++++ DATA EXTRACT ++++

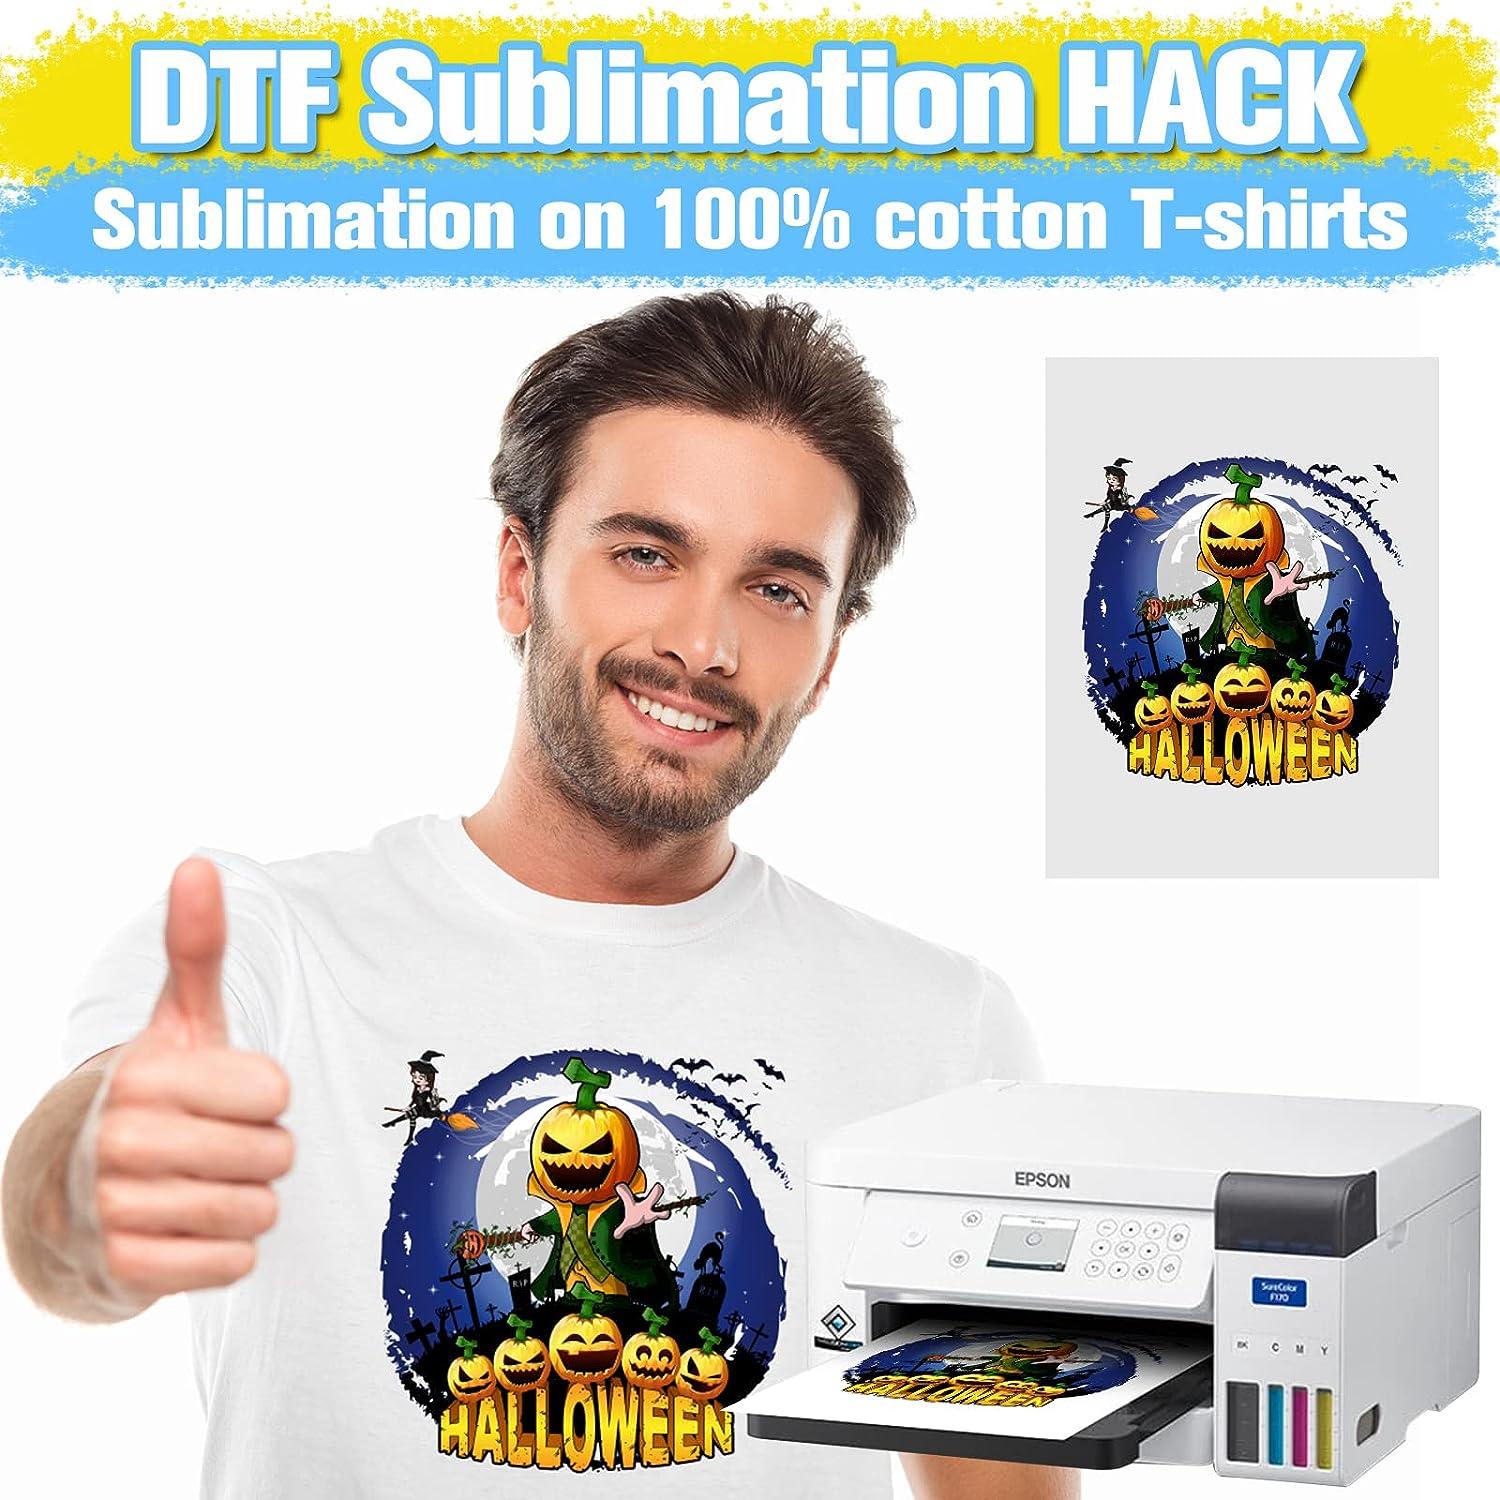 DTF SUBLIMATION HACK ON 100% COTTON DARK SHIRT 
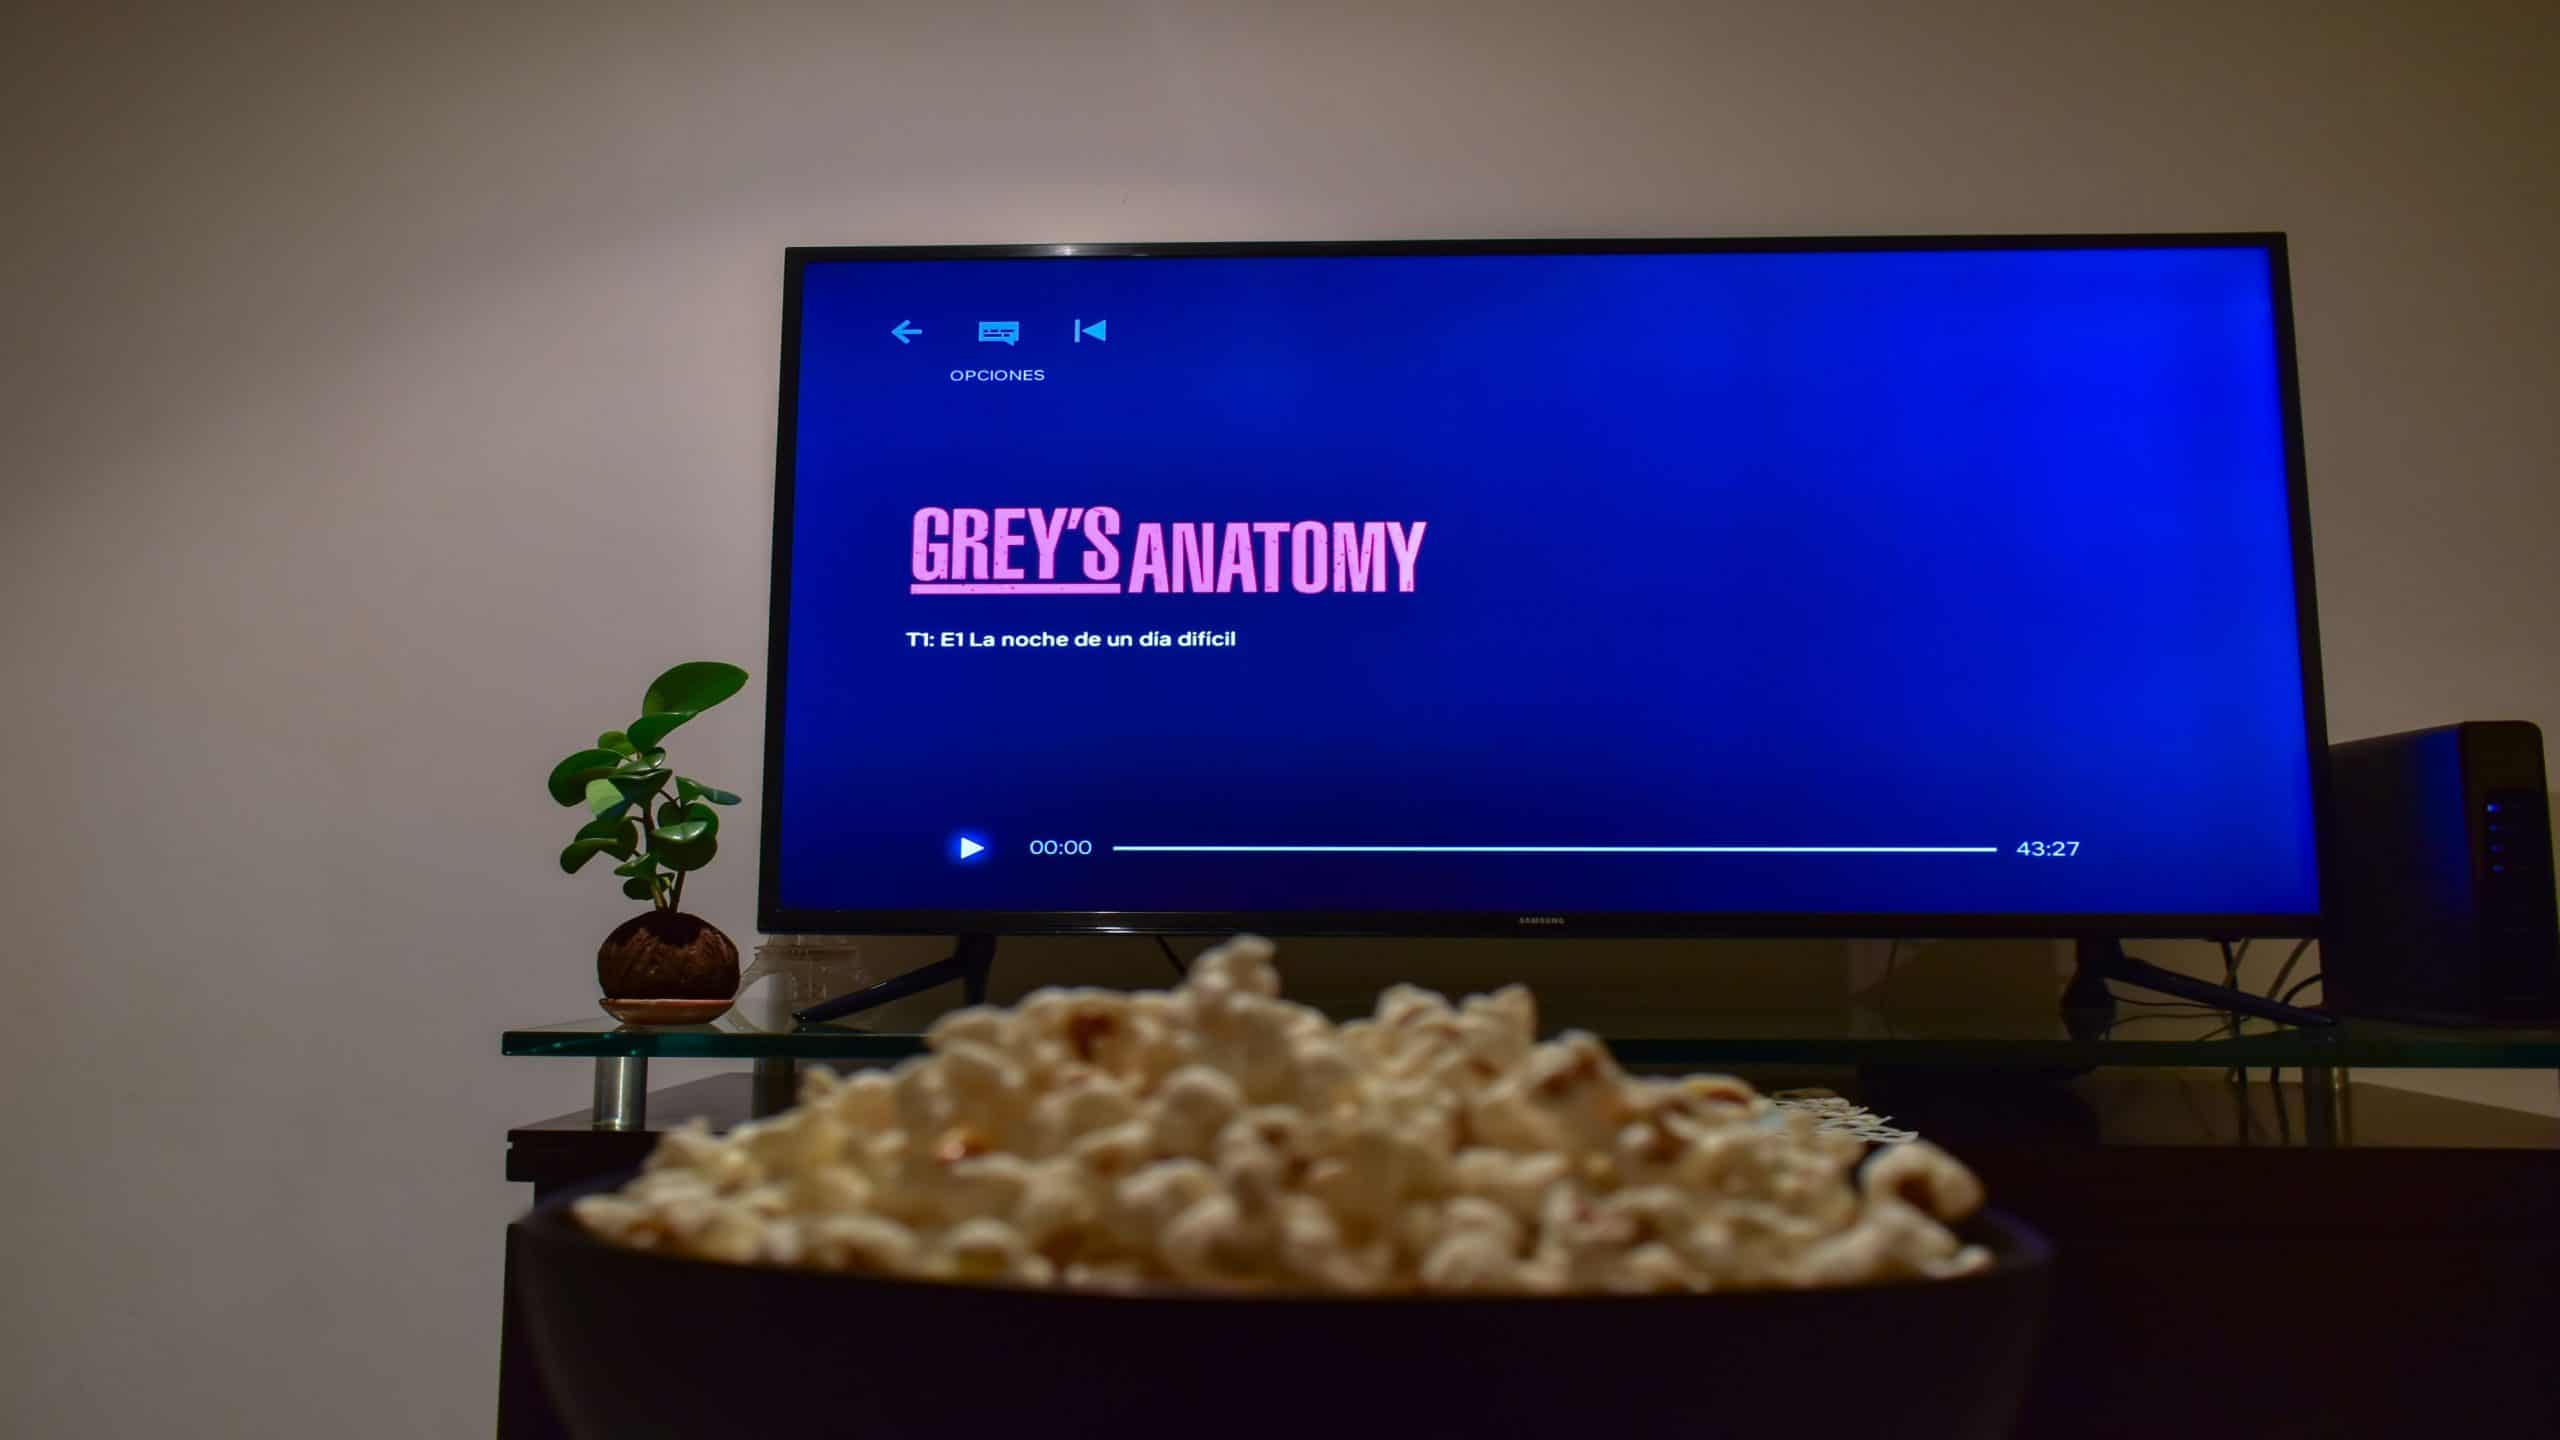 Cali, Colômbia - 26 de agosto de 2019: Aplicativo Netflix na tela da TV reproduzindo a série Grey's Anatomy atrás de uma tigela de pipocas.
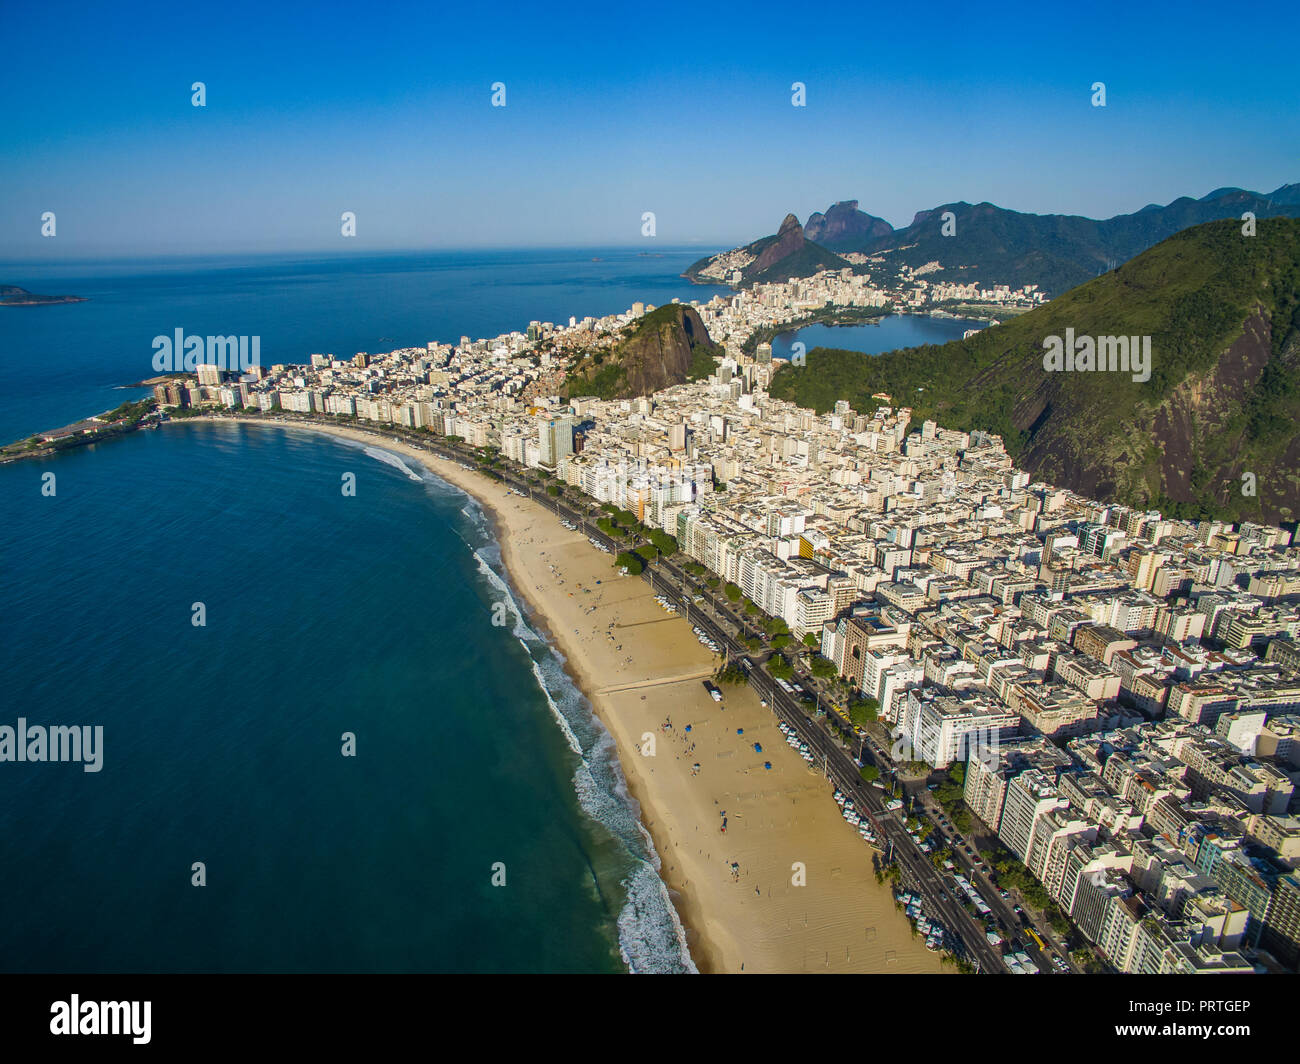 La plage de Copacabana dans quartier Copacabana, Rio de Janeiro, Brésil. L'Amérique du Sud. La plage la plus célèbre dans le monde entier. La ville magnifique. Banque D'Images

++++

- [THE TASK]
Everything but the pictures is needed: copy the data above exactly.

- [WRITTEN SOLUTION]
 DTF SUBLIMATION HACK ON 100% COTTON DARK SHIRT 
 Cali, Colômbia - 26 de agosto de 2019: Aplicativo Netflix na tela da TV reproduzindo a série Grey's Anatomy atrás de uma tigela de pipocas.
 La plage de Copacabana dans quartier Copacabana, Rio de Janeiro, Brésil. L'Amérique du Sud. La plage la plus célèbre dans le monde entier. La ville magnifique. Banque D'Images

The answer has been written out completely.